My Name is Bond, Bond Investment

The word bond basically means an IOU. You lend your money to Uncle Sam, to General Electric, to Procter & Gamble, to the city in which you live — to whatever entity issues the bonds — and that entity promises to pay you a certain rate of interest in exchange for borrowing your money. This is very different from stock investing, where you purchase shares in a company, become an alleged partial owner of that company, and then start to pray that the company churns a profit and the CEO doesn’t pocket it all.

Stocks and bonds complement each other like peanut butter and jelly. Bonds are the peanut butter that can keep your jelly from dripping to the floor. They are the life rafts that can keep your portfolio afloat when the investment seas get choppy. Yes, bonds are also very handy as a source of steady income, but, contrary to popular myth, that should not be their major role in most portfolios.

Bonds are the sweethearts that may have saved your grandparents from selling apples on the street during the hungry 1930s. They are the babies that may have saved your 401(k) from devastation during the three growly bear-market years on Wall Street that started this century. Bonds belong in nearly every portfolio.

Almost all bonds these days are issued with life spans (maturities) of up to 30 years. Few people are interested in loaning their money for longer than that, and people young enough to think more than 30 years ahead rarely have enough money to lend. In the parlance of bond people, any bond with a maturity of less than five years is called a short bond. Bonds with maturities of 5 to 12 years are called intermediate bonds. Bonds with maturities of 12 years or more are called long bonds.

In general, the longer the maturity, the greater the interest rate paid. That’s because bond buyers generally demand more compensation the longer they agree to tie up their money. At the same time, bond issuers are willing to fork over more interest in return for the privilege of holding onto your money longer.
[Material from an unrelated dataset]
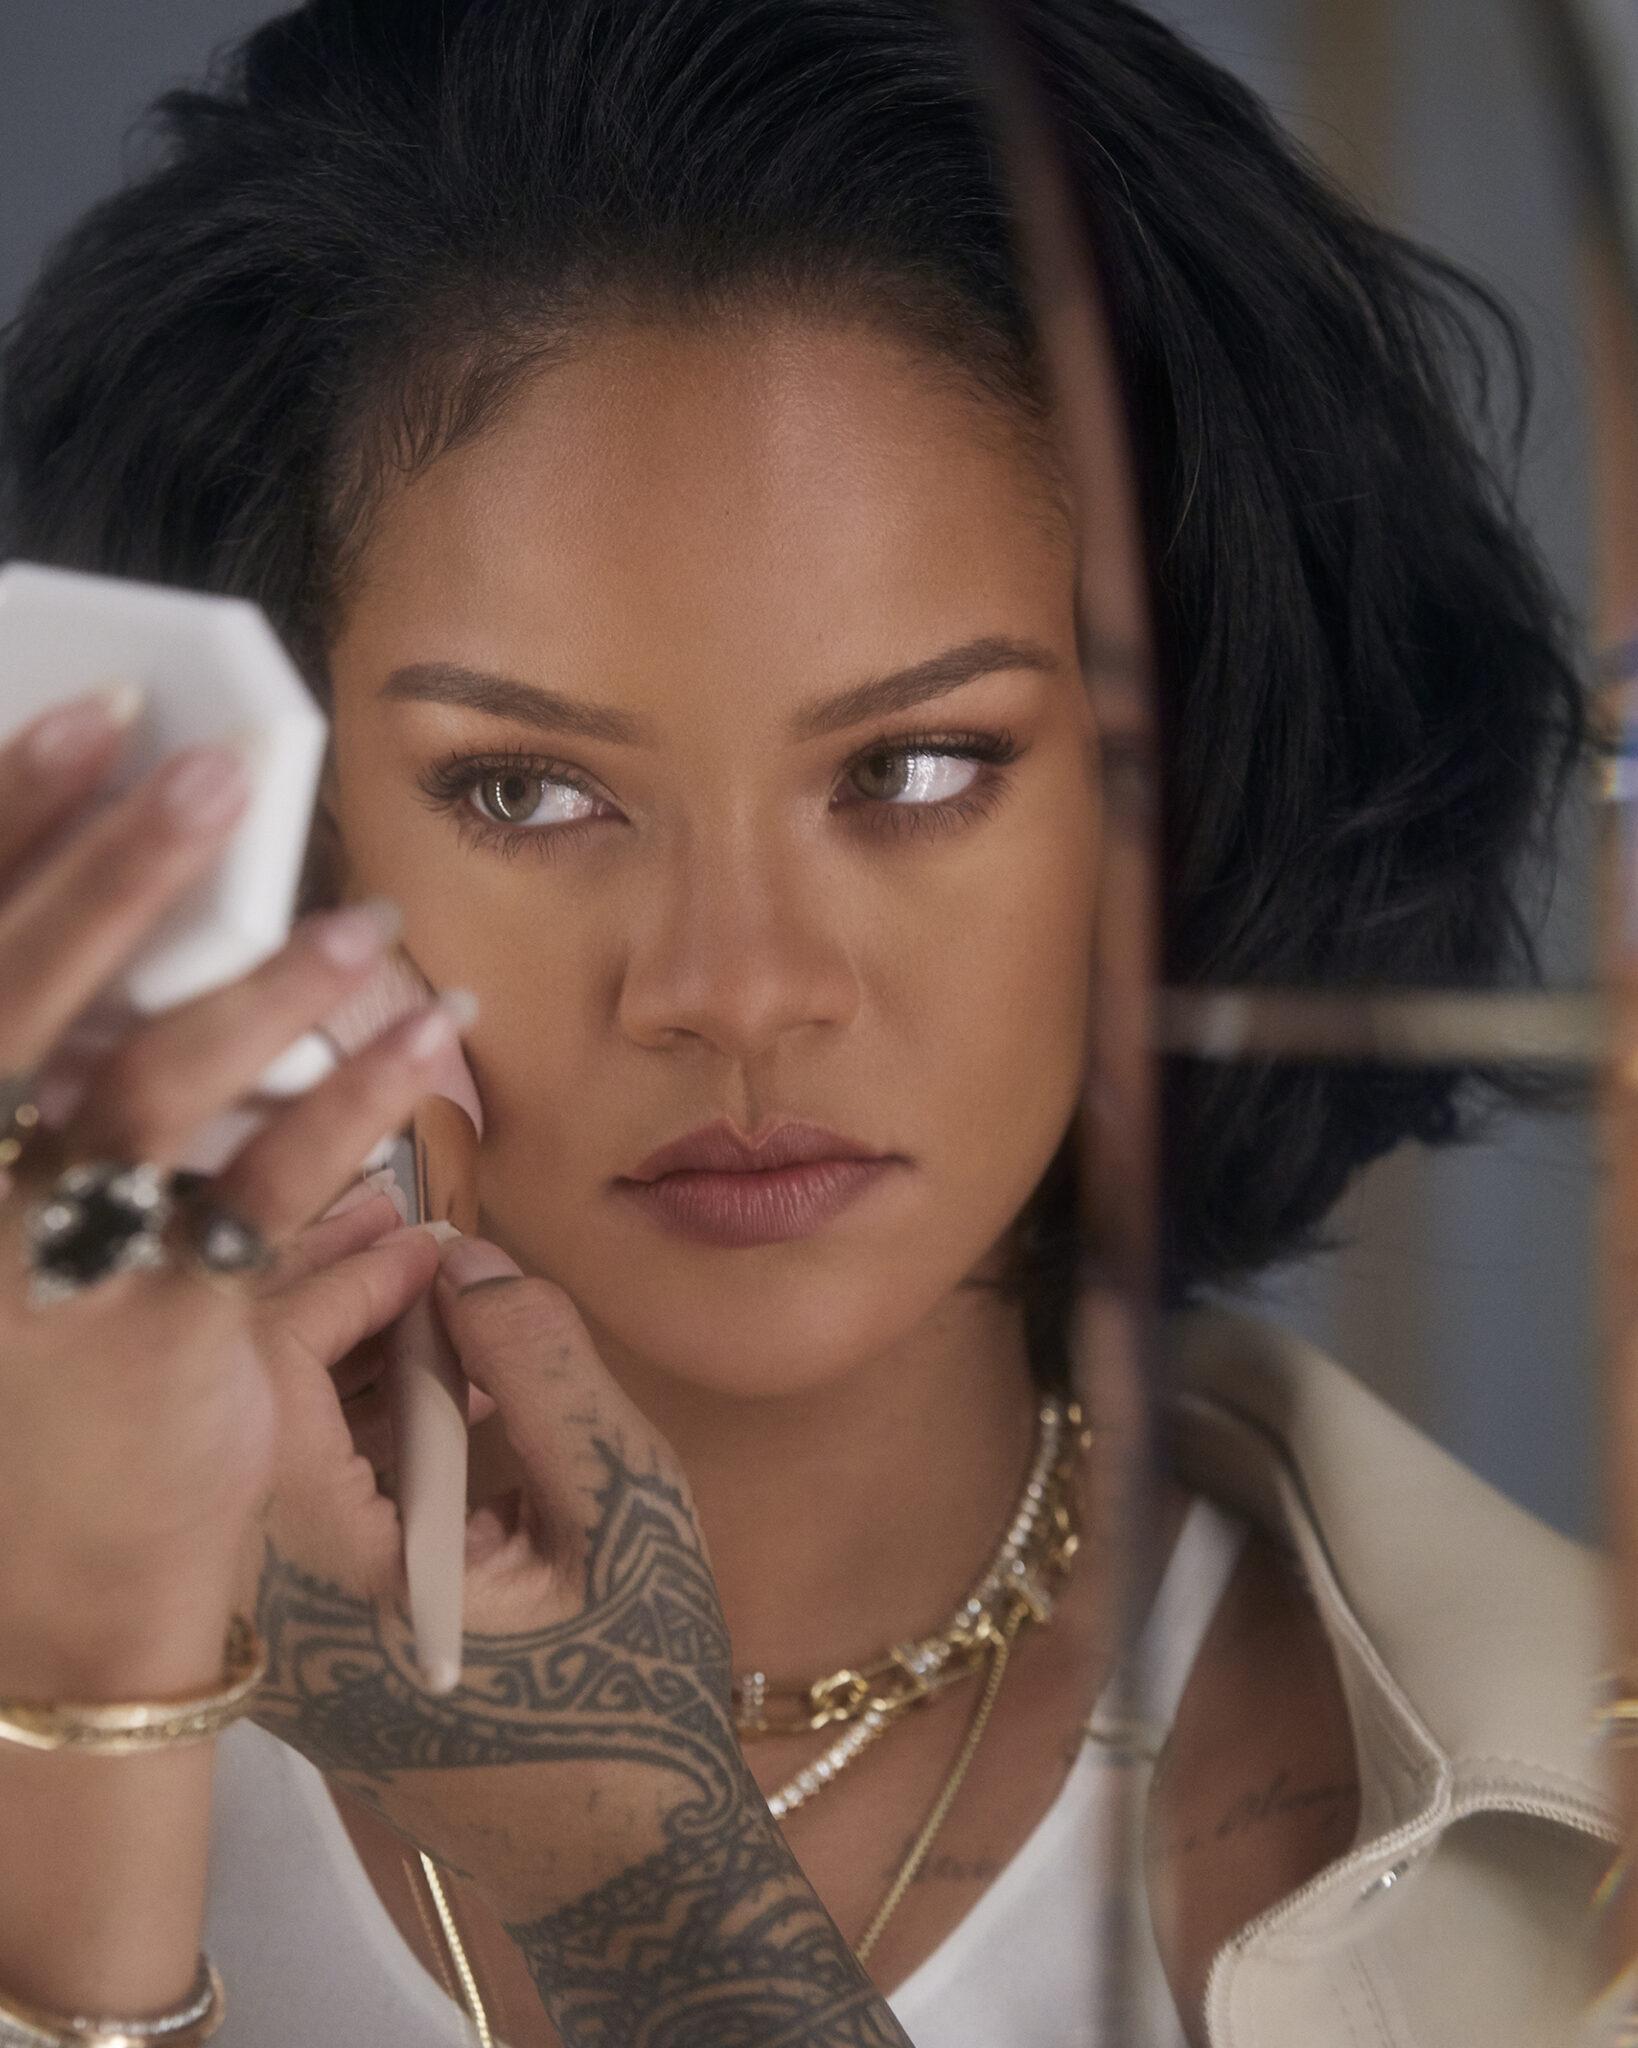 Nå kommer Rihanna sitt Fenty Beauty til Norge

It’s exactly the same theory and practice with bank CDs: Typically the two year CD pays more than the one-year CD, which pays more than the six month CD. The difference between the rates you can get on short bonds versus intermediate bonds versus long bonds is known as the yield curve. Yield simply refers to the annual interest rate.



Individual bonds offer investors the opportunity to really fine-tune a fixed income portfolio. With individual bonds, you can choose exactly what you want in terms of bond quality, maturity, and taxability. For larger investors investing in individual bonds may also be more economical than investing in a bond fund. That’s especially true for those investors up on the latest advances in bond buying and selling.

On the other hand, I’m a big advocate of bond funds — both bond mutual funds and exchange traded funds. Mutual funds and exchange-traded funds both represent baskets of securities (usually stocks or bonds, or both) and allow for instant and easy portfolio diversification.